The bank's latest disclosure comes two years after Standard Chartered agreed to pay USD667.0 million in civil penalties to various US authorities after the New York regulator said the bank had failed to comply with US sanctions placed on Iran. The agreement with the New York State Department of Financial Services saw Standard Chartered agree to install a monitor ? reporting directly to the department and evaluating money-laundering risk controls - for at least two years.
The new regulatory issues are in an area separate from the sanctions screening systems.
"The group believes that the resolution of these issues is likely to involve an enforcement action by the NYSDFS that would include an extension of the term of the monitor beyond the original two-year term, a monetary penalty and remedial actions," Standard Chartered said in a statement.
In a conference call with journalists, Chief Executive Peter Sands said that the monetary impact will be less than the USD340.0 million the bank paid to the New York State Department of Financial Services in 2012. The CEO said the source of the trouble with the bank's post-transaction surveillance system pre-dates its compliance troubles over US sanctions.
"After we process payments, we run them both as individual payments and series of payments through a set of scenarios to try and identify if they have indicators that suggest they may have something suspicious or illegal. These scenarios generate alerts which are examined by trained operators. Most of these alerts turn out to be innocuous, but if the operator thinks there are enough indicators they file a suspicious activity report with authorities," Sands told journalists.

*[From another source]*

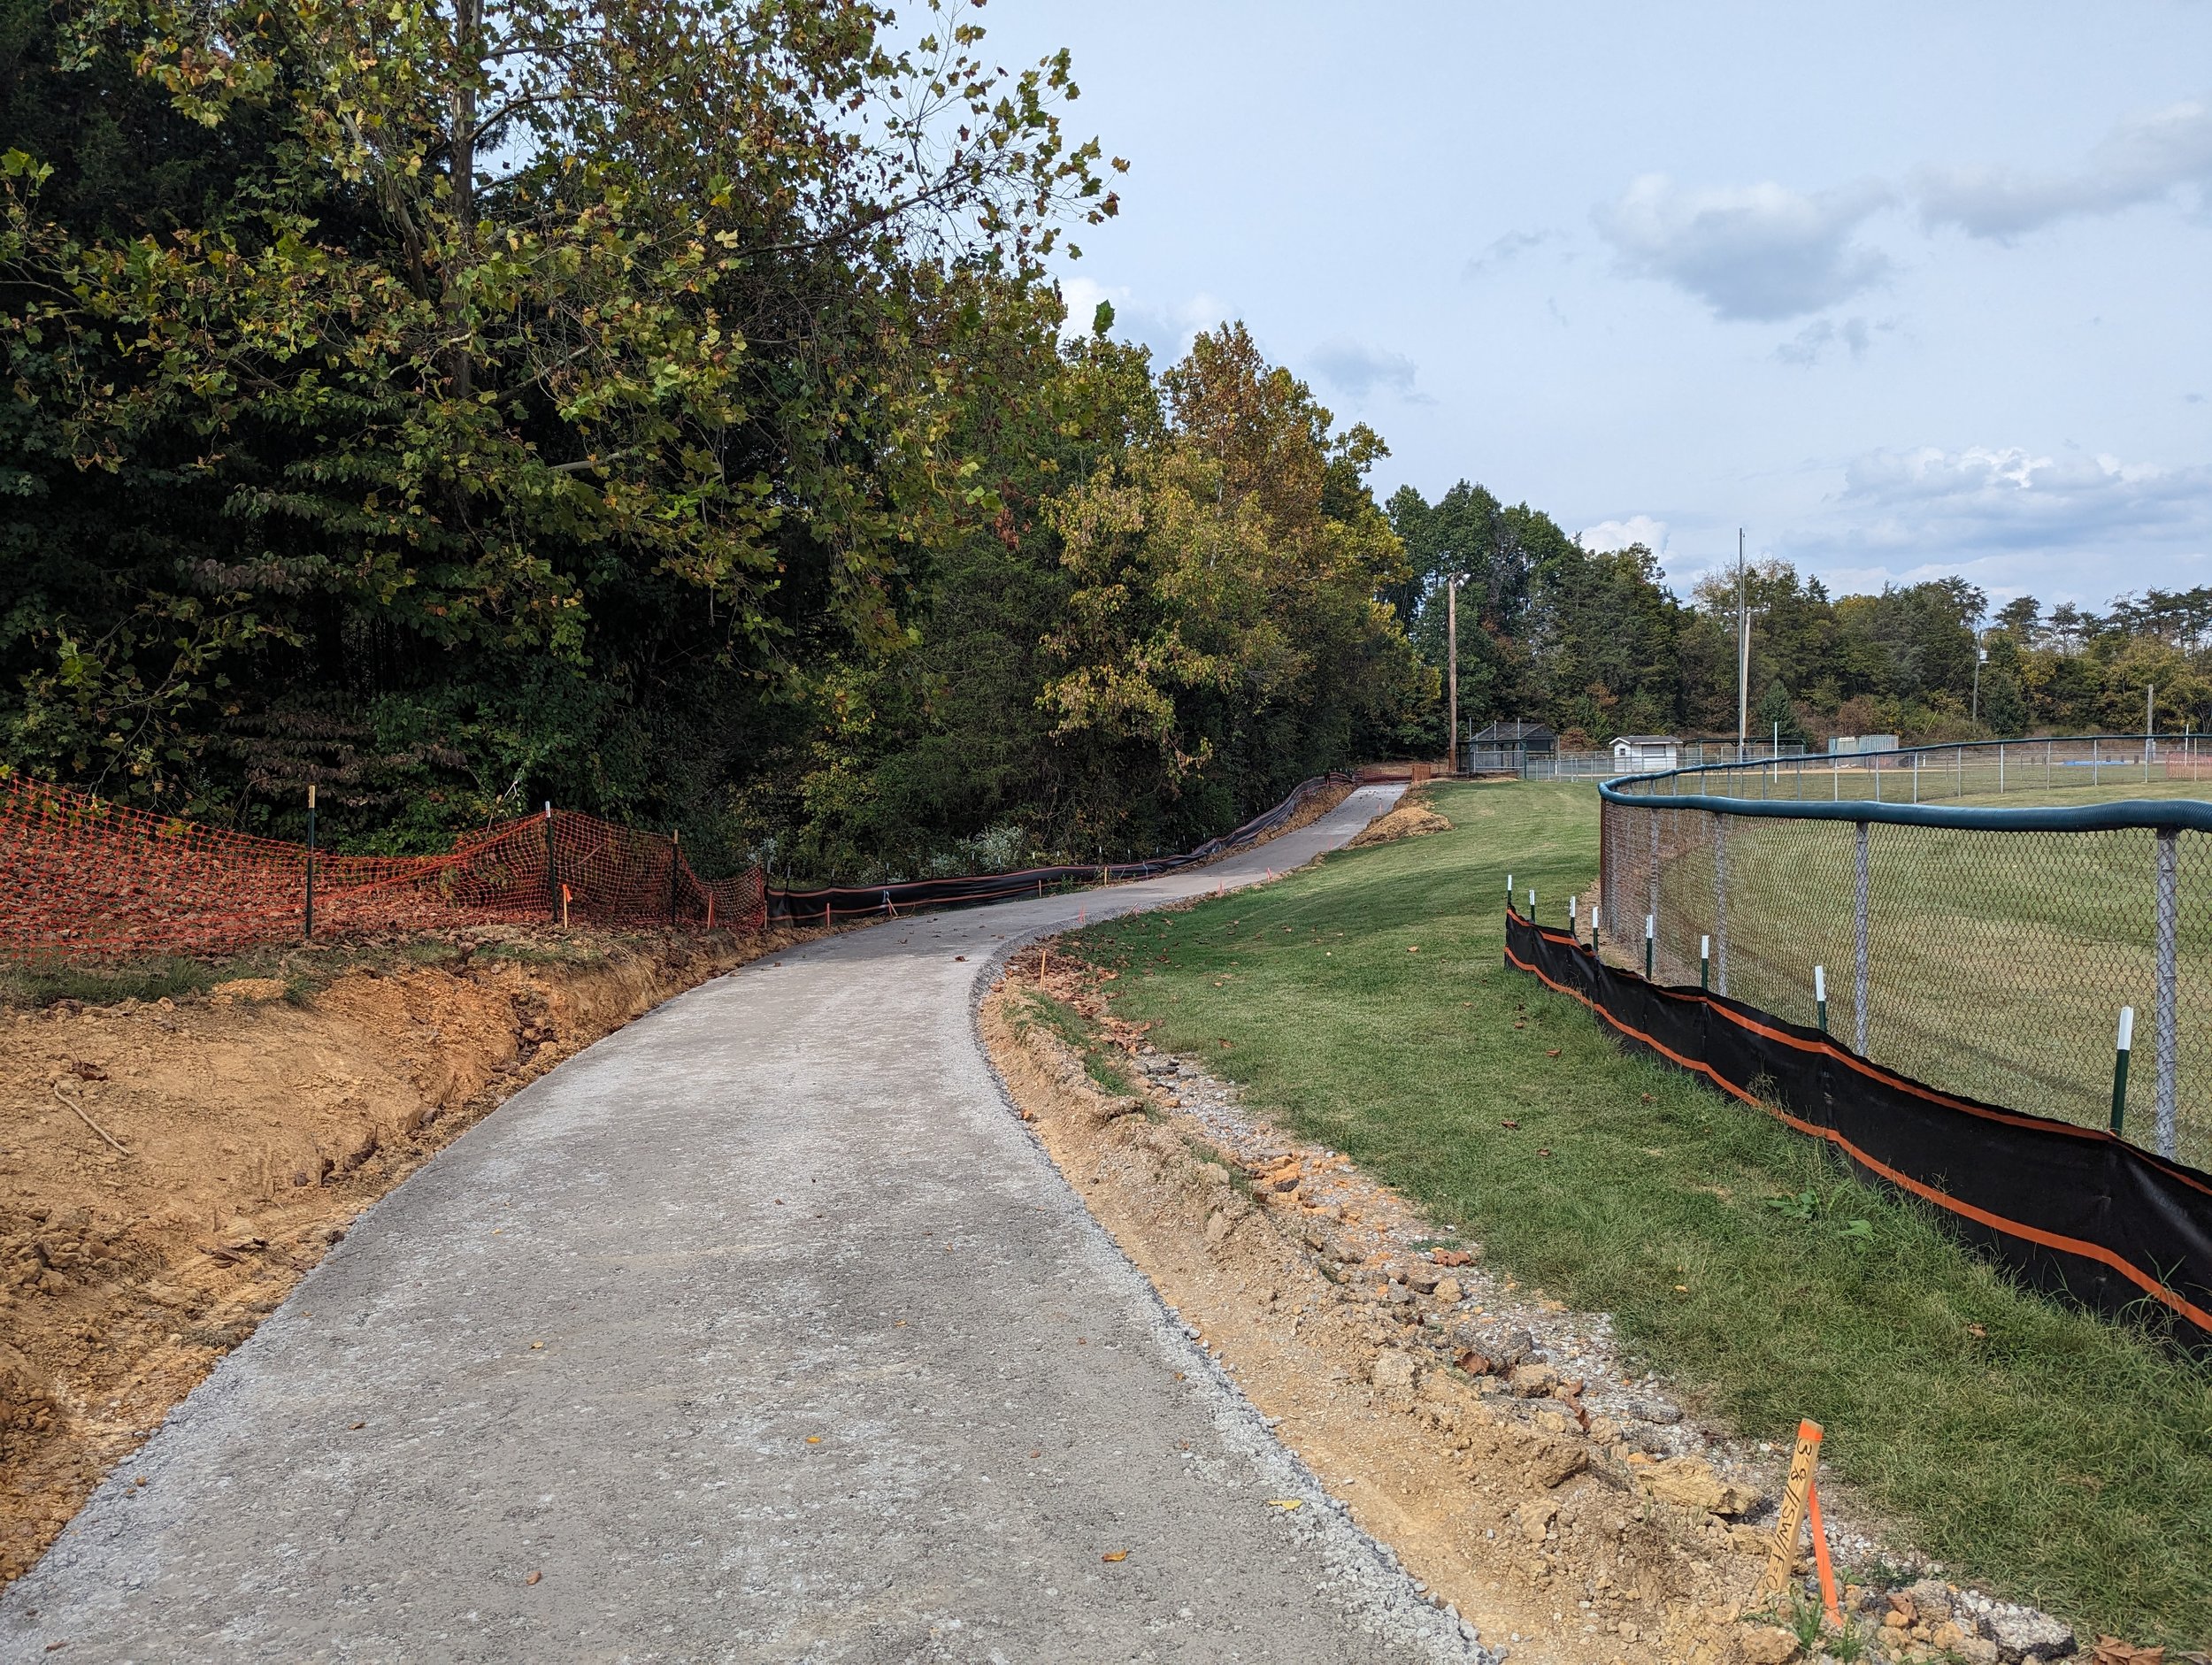 10/5/2023 - Base stone for the regraded walking trail is in place ready for asphalt placement to begin.

"We implemented a systems upgrade in 2007 to reinforce post transactions surveillance capabilities. It did reinforce them, but it did not do so as well as it should have done. Some elements were poorly implemented around coding and systems settings, meaning some scenarios didn't quite work as they were designed. This has been something I have been engaged on and indeed the board has been kept fully informed throughout," Sands added, though he described the issues as "very different" to those faced in 2012.
Standard Chartered reported a small slip in half-year pretax profit, with the decline limited thanks to the non-repeat of a USD1.0 billion goodwill impairment charge for its Korea business, though its operating performance was hit by a weaker performance in its financial markets division. The bank said it made a USD3.25 billion pretax profit in the six months ended June 30, compared with USD3.33 billion in the corresponding period last year.
Before own-credit adjustments and the goodwill impairment last year, pretax profit fell by 20% to USD3.27 billion. Net interest income was broadly flat at USD5.60 billion, though non-interest income fell to USD3.65 billion, from USD4.39 billion, due to drops in fees and commission income and net trading income. Operating expenses edged up slightly to USD5.08 billion from USD5.03 billion. Impairment losses on loans and advances and other credit risk provisions increased to USD846.0 million from USD730.0 million.
"Our performance in the first half of 2014 is clearly disappointing," Sands said. "It is not what we strive for and not what our investors expect. In March, we made clear that this first half would be tough, and we were even more specific in our pre-close trading statement in June."
"The reasons for our weaker performance should be equally clear: continued Financial Markets weakness, challenges in Korea as we reshape our business there, and an uptick in impairment, largely due to a commodity fraud exposure in China and write-offs relating to pre-crisis strategic investments. Evolving regulatory requirements continue to add upward pressure - and uncertainty - to costs, while structurally impacting the income and return profile of some products," Sands added.
Standard Chartered said it will pay a flat interim dividend of 28.80 cents per share.
Standard Chartered's weakened financial performance has upped the stakes at the bank. Its board last month gave its backing to Chairman John Peace and Sands, when it dismissed media reports that succession planning was taking place as a result of investor pressure. The bank has seen a number of executive departures, including Richard Meddings, who guided the bank as finance director through the financial crisis and beyond. He has since been replaced by former Vodafone PLC CFO Andrew Halford.
Standard Chartered shares were Wednesday quoted down 0.1% at 1,215.00 pence.